Read depth by context window
Check the model's actual context window (not "it's Claude so 200K"). Some Sonnet deployments are 1M, some are 200K. If you don't know, assume the smaller one — err toward leanness.
| Context window | Subagent output reading | Summary files | Verification files | Plans for other phases |
|---|---|---|---|---|
| < 500k (e.g. 200k) | Frontmatter only | Frontmatter only | Frontmatter only | Current phase only |
| >= 500k (1M models) | Full body permitted | Full body permitted | Full body permitted | Current phase only |
"Frontmatter only" means: read enough to see the final status/verdict/conclusion. If the subagent wrote a 3000-line debug log, read the summary section it produced, not the log.
Four-tier degradation model
Monitor your context usage and shift behavior as you climb the tiers. The point is to notice before you hit the wall, not when responses start truncating.
| Tier | Usage | Behavior |
|---|---|---|
| PEAK | 0 – 30% | Full operations.

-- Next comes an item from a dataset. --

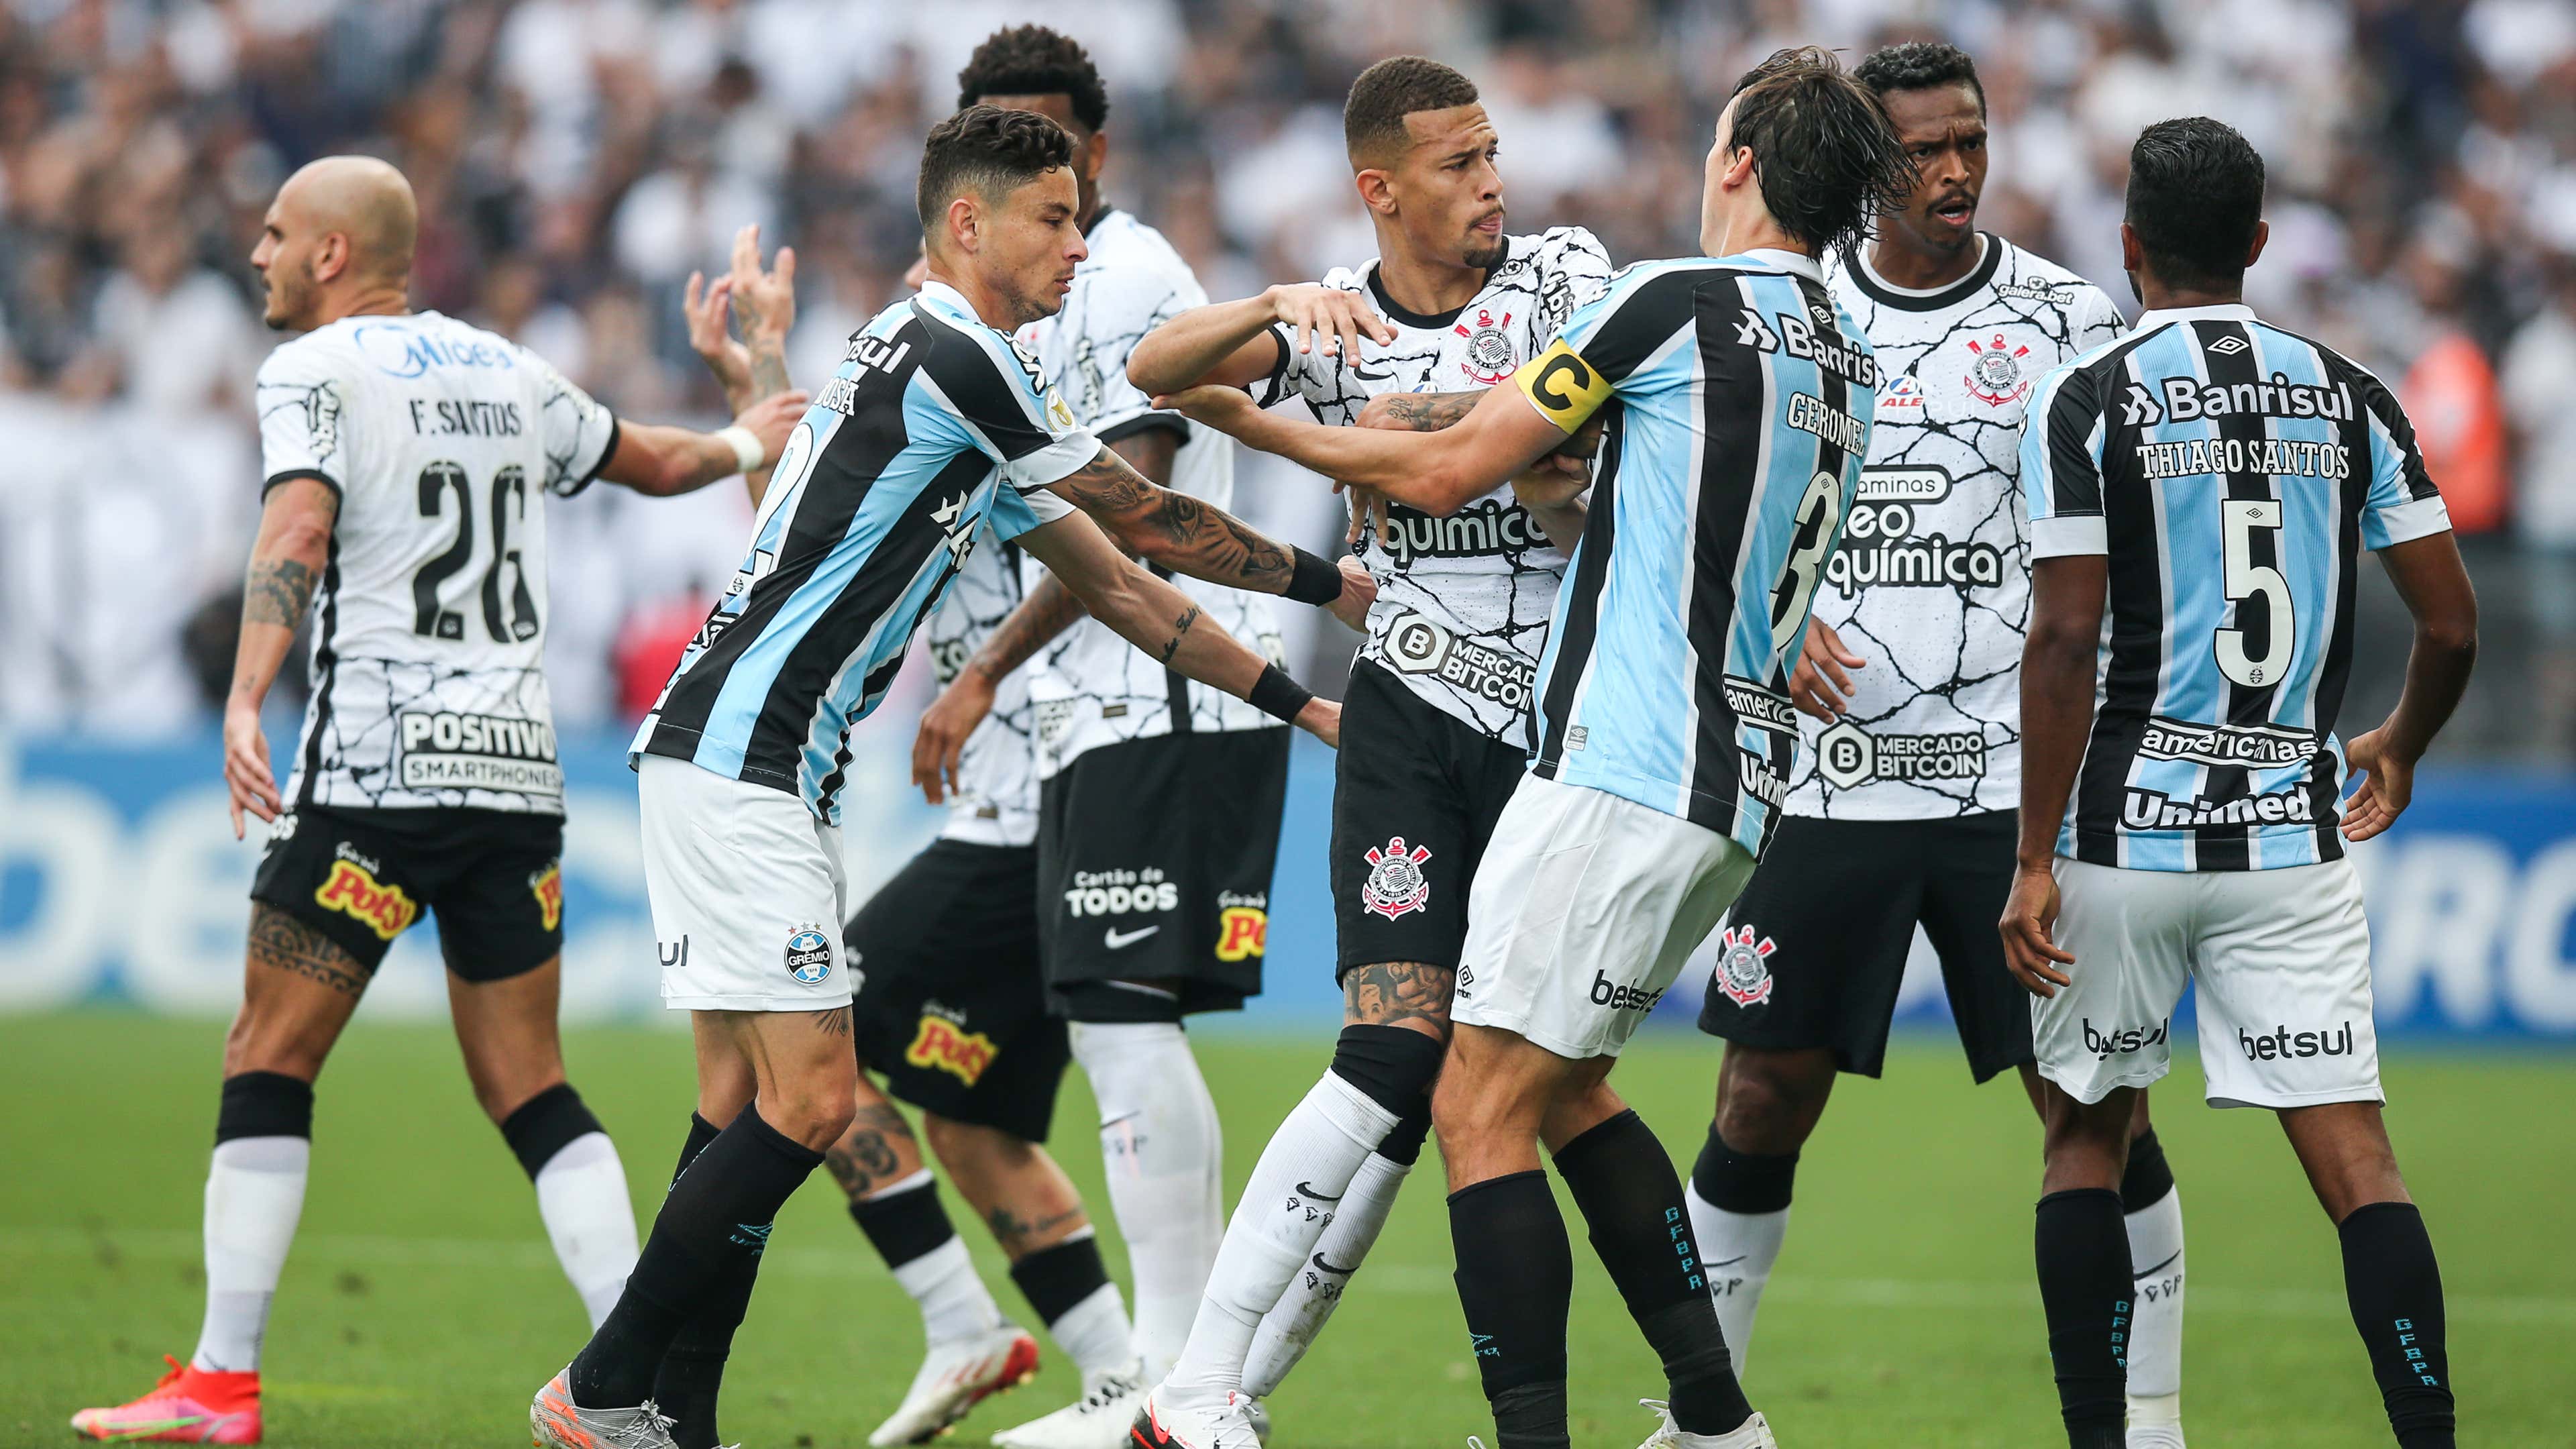 Brasileirão Série A: Grêmio x São Paulo; onde assistir de graça e

Read bodies, spawn multiple agents in parallel, inline results freely. |
| GOOD | 30 – 50% | Normal operations. Prefer frontmatter reads. Delegate aggressively. |
| DEGRADING | 50 – 70% | Economize. Frontmatter-only reads, minimal inlining, warn the user about budget. |
| POOR | 70%+ | Emergency mode. Checkpoint progress immediately. No new reads unless critical. Finish the current task and stop cleanly. |
Early warning signs (before panic thresholds fire)
Quality degrades gradually before hard limits hit. Watch for these:
- Silent partial completion. Subagent claims done but implementation is incomplete. Self-checks catch file existence, not semantic completeness. Always verify subagent output against the plan's must-haves, not just "did a file appear?"
- Increasing vagueness. Agent starts using phrases like "appropriate handling" or "standard patterns" instead of specific code. This is context pressure showing up before budget warnings fire.
- Skipped protocol steps. Agent omits steps it would normally follow. If success criteria has 8 items and the report covers 5, suspect context pressure, not "the agent decided 5 was enough."
When these signs appear, checkpoint the work and either reset context or hand off to a fresh subagent.
Fundamental limitation
When you orchestrate, you cannot verify semantic correctness of subagent output — only structural completeness ("did the file appear?", "does the test pass?"). Semantic verification requires either running the code yourself or delegating a review pass to another fresh subagent.
Mitigation: in every task you delegate, include explicit "must-have" truths the subagent must confirm in its response (e.g., "confirm your test actually tests X, not just that X was imported"). The subagent re-asserting concrete facts is evidence; vague summaries are not.